Retail Store Location Optimization

This project focuses on optimizing retail store locations in New York City through a data-driven approach. By analyzing pedestrian traffic, competition, and vacant storefront availability, businesses can strategically expand, minimize operational costs, gain a competitive edge, and reduce the risk of underperformance.

Key Features

Data Normalization and Weight Assignment: We normalized data and assigned weights (Pedcounts: 0.4, Retail Stores: 0.4, Vacant Storefronts: 0.2) using min-max scaling.

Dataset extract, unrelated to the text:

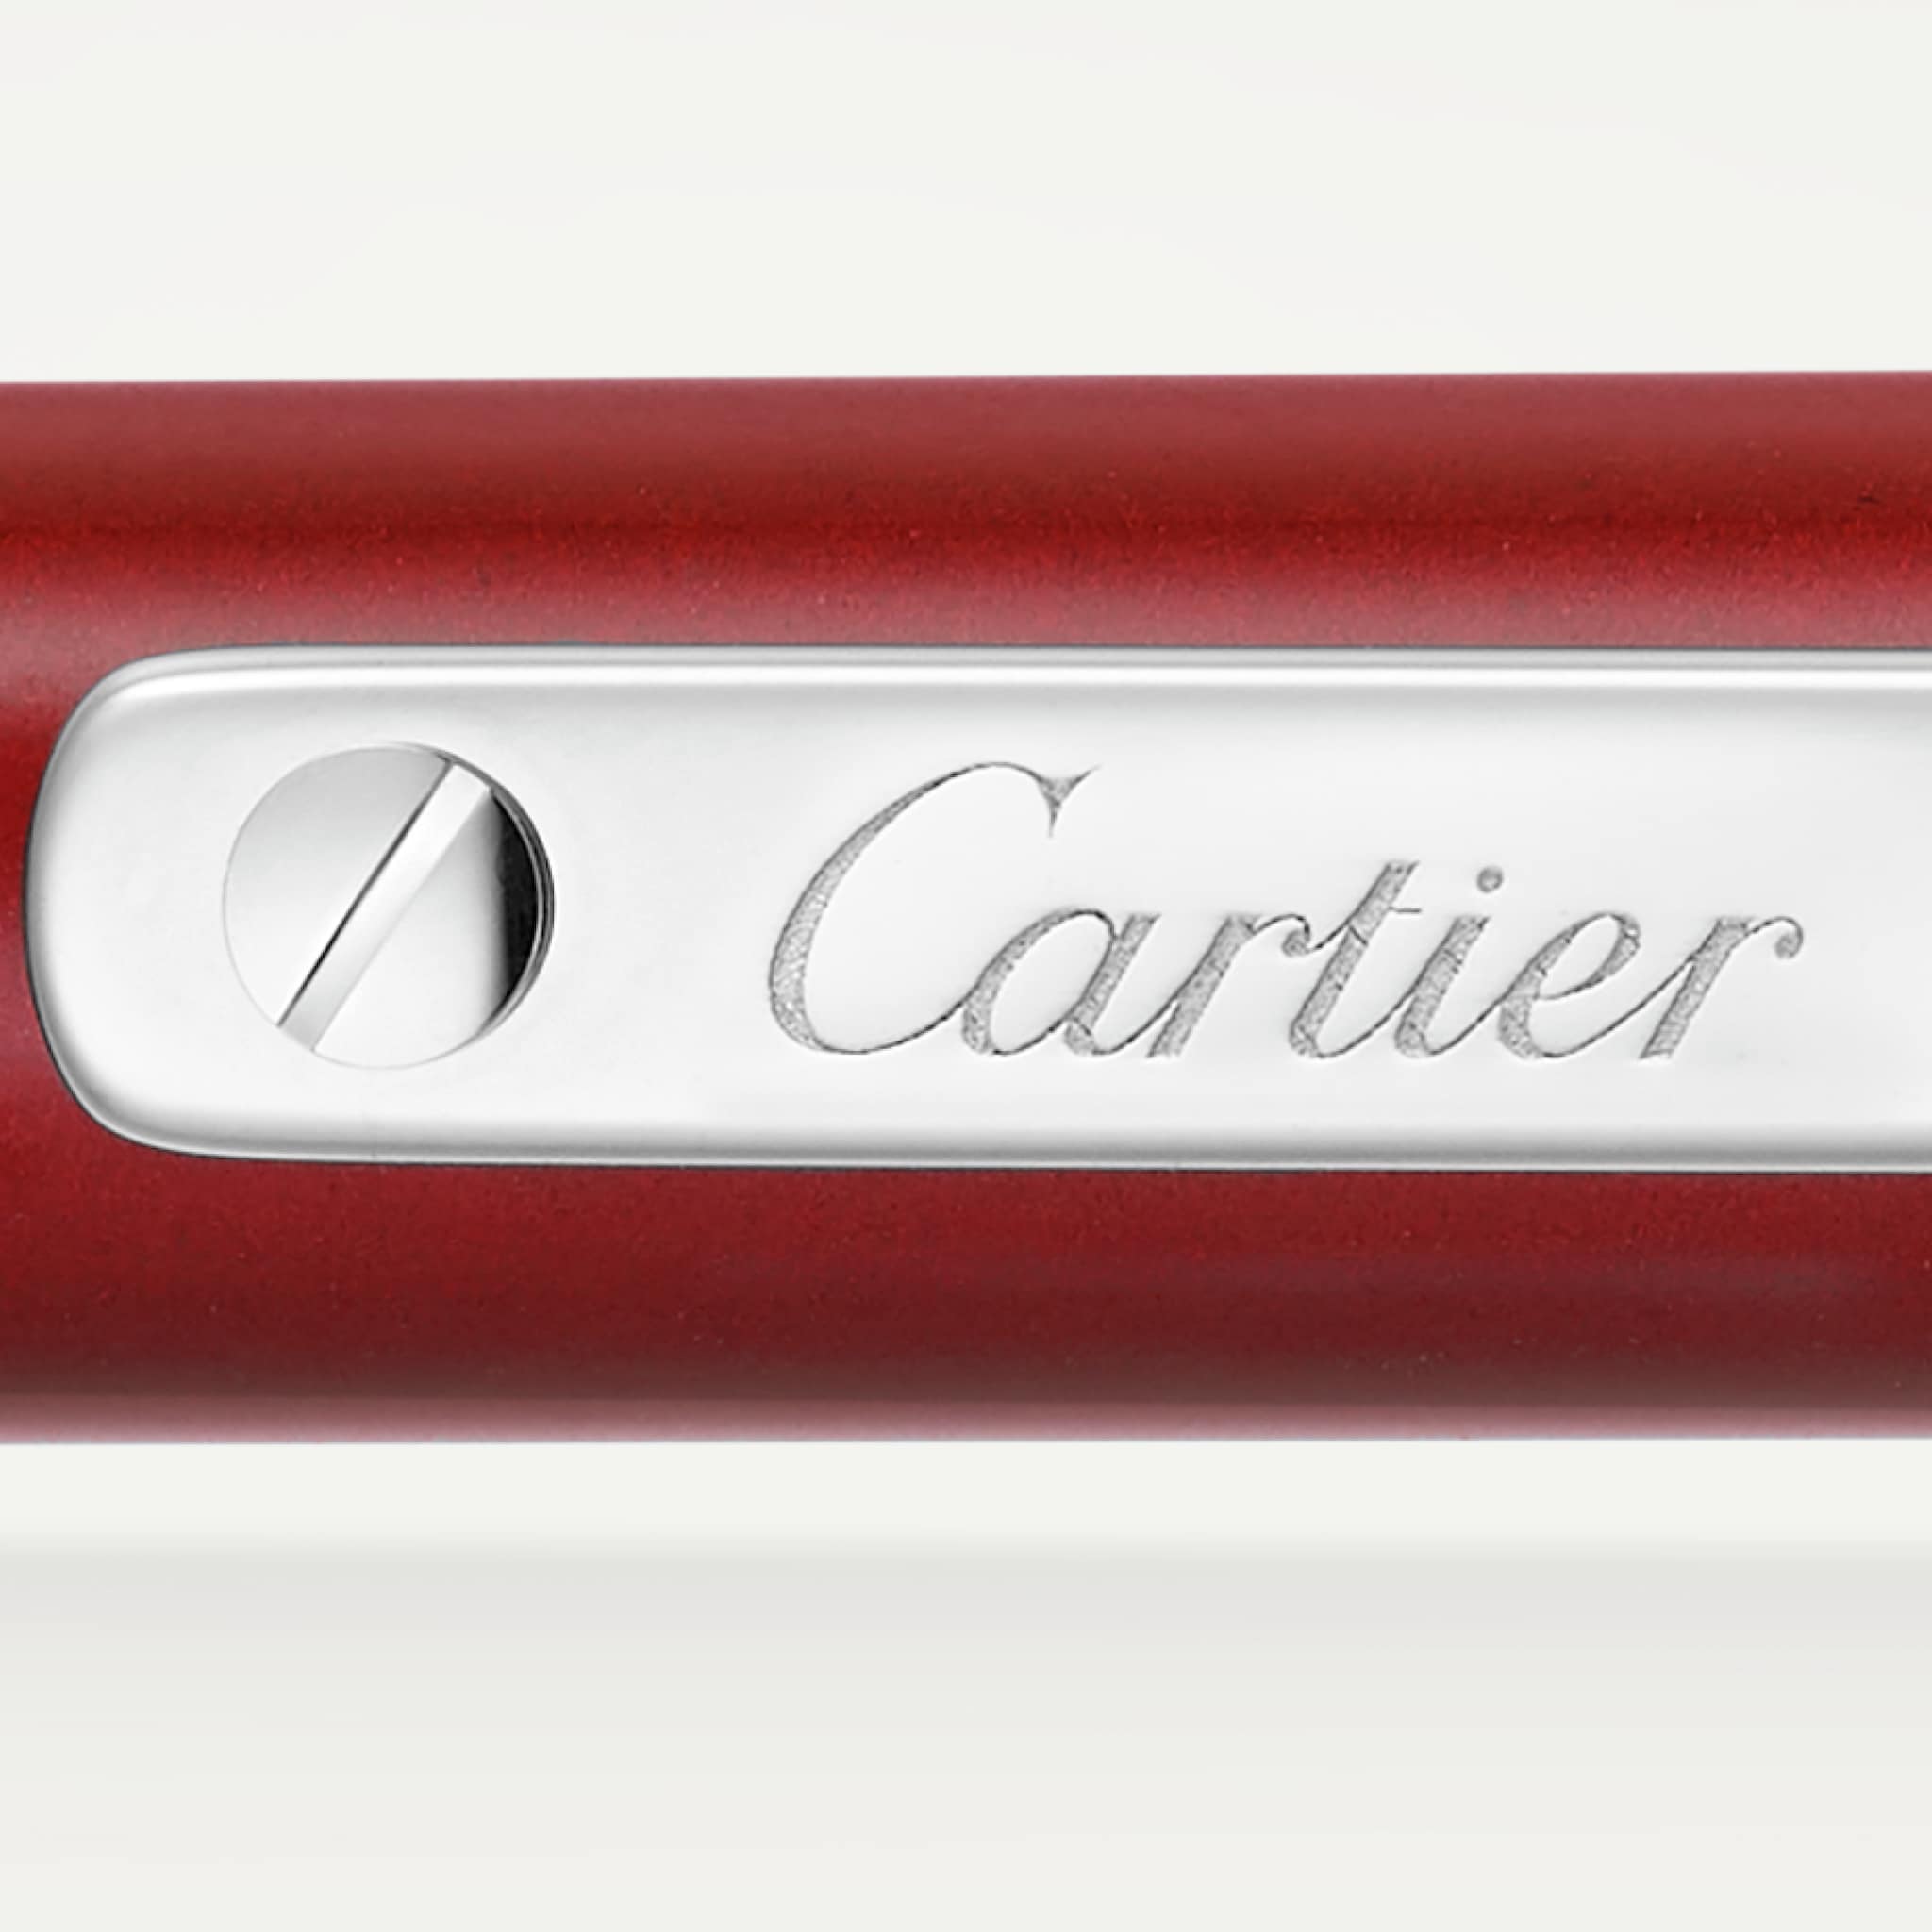 Santos de Cartier 書寫筆小型款，紅色亮漆，鍍鈀飾面
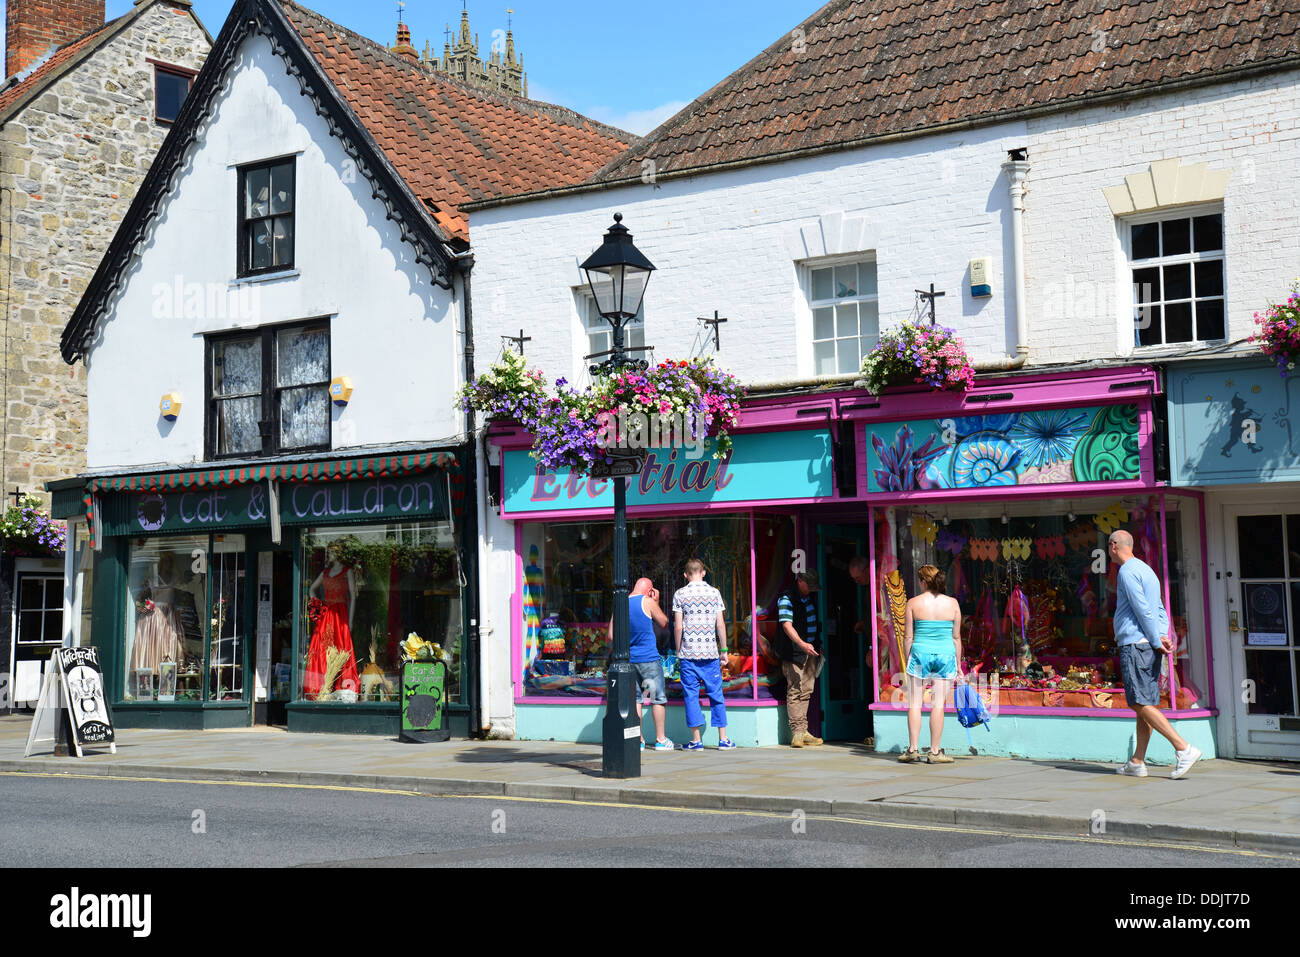 La sorcellerie boutiques sur place du marché, Glastonbury, Somerset, England, United Kingdom Banque D'Images

Suitability Score Calculation: The combined suitability score reflects weighted features, ranking locations based on preferences.

Regression Models: Utilizing various regression models (Random Forest, Linear Regression, Gradient Boosting, XGBoost, SVR, Ridge Regression) for predicting continuous location suitability scores.

Model Selection Rationale: Each regression model contributes unique strengths: Random Forest captures complex relationships, Linear Regression serves as a baseline, Gradient Boosting corrects errors iteratively, XGBoost ensures speed and efficiency, SVR excels in high-dimensional spaces, and Ridge Regression prevents overfitting.

Appendix

Project for CS-GY 6053 Foundation of Data Science at NYU Tandon.